Real-time voice assistant that speaks progress updates while working on complex tasks.
Instead of generic "Still working..." messages, this agent:
- Streams the response from Clawdbot Gateway using SSE
- Announces tool calls as they happen ("Searching memory...", "Checking calendar...")
- Speaks progress from the response ("Found 3 results, analyzing...")
- Delivers the final answer when done
You: "What did we work on yesterday?"
Agent: "On it, let me dig into that."
Agent: "Searching memory..." ← Tool call detected
Agent: "Found 3 results, analyzing..." ← Progress from response
Agent: "Yesterday you worked on the ← Final answer
voice agent streaming feature
and fixed the LiveKit config."
┌─────────────────┐ SSE Stream ┌──────────────────┐
│ Voice Agent │◄────────────────────│ Clawdbot Gateway │
│ (LiveKit) │ │ (Opus + Tools) │
├─────────────────┤ ├──────────────────┤
│ Tool call? │ → Speak tool name │ memory_search │
│ Progress line? │ → Speak progress │ web_fetch │
│ Final answer? │ → Speak result │ exec │
└─────────────────┘ └──────────────────┘
# Clone and install
cd voice-agent-streaming
pip install -r requirements.txt
# Configure
cp .env.example .env
# Edit .env with your credentials
# Run
python src/agent.py dev| Variable | Description |
|---|---|
AGENT_NAME |
Name for the assistant (default: "Voice Assistant") |
USER_NAME |
User's name for personalized greetings |
CLAWDBOT_GATEWAY_URL |
Your Clawdbot Gateway endpoint |
CLAWDBOT_GATEWAY_TOKEN |
Auth token for the gateway |
The agent announces these tools when detected:
| Tool | Spoken Progress |
|---|---|
memory_search |
"Searching my memory..." |
web_search |
"Searching the web..." |
exec |
"Running a command..." |
browser |
"Checking the browser..." |
Read |
"Reading a file..." |
Add more in TOOL_DESCRIPTIONS dict.
- User asks a complex question
- Fast LLM (gpt-5.2) decides to call
deep_think - Agent says "On it, let me dig into that"

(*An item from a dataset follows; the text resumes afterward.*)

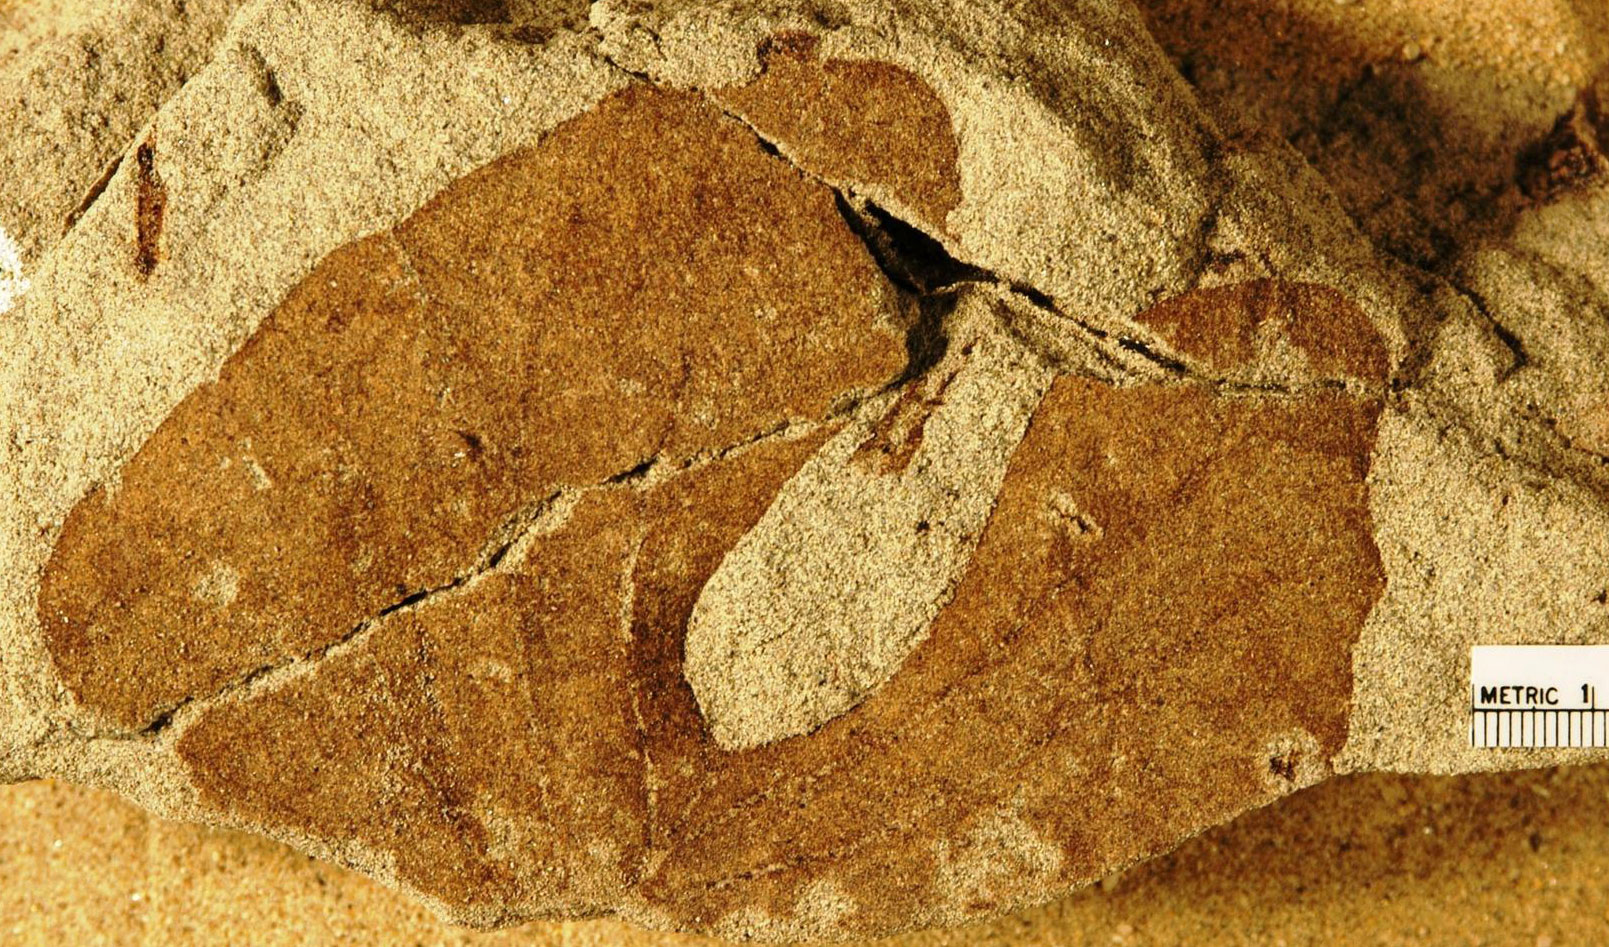 Photograph of a fossil tulip-poplar-like leaf from the Cretaceous Hell Creek Formation of North Dakota. The photo shows a deeply bilobed leaf with an otherwise smooth margin preserved in a sandy rock matrix. The leaf is orangish-brown, the matrix tan.

_think_with_progress()opens SSE stream to Gateway- As stream delivers events:
- Tool calls → speak tool description
- Progress markers → speak progress line
- Content accumulates → speak final answer
- Agent speaks the complete answer
Edit TOOL_DESCRIPTIONS in agent.py:
TOOL_DESCRIPTIONS = {
"my_custom_tool": "Doing something cool...",
# ...
}The agent looks for progress markers in responses:
- Lines containing "found", "searching", "checking", "analyzing"
- Lines ending with "..."
- Short lines (< 80 chars)
Tune this in _think_with_progress().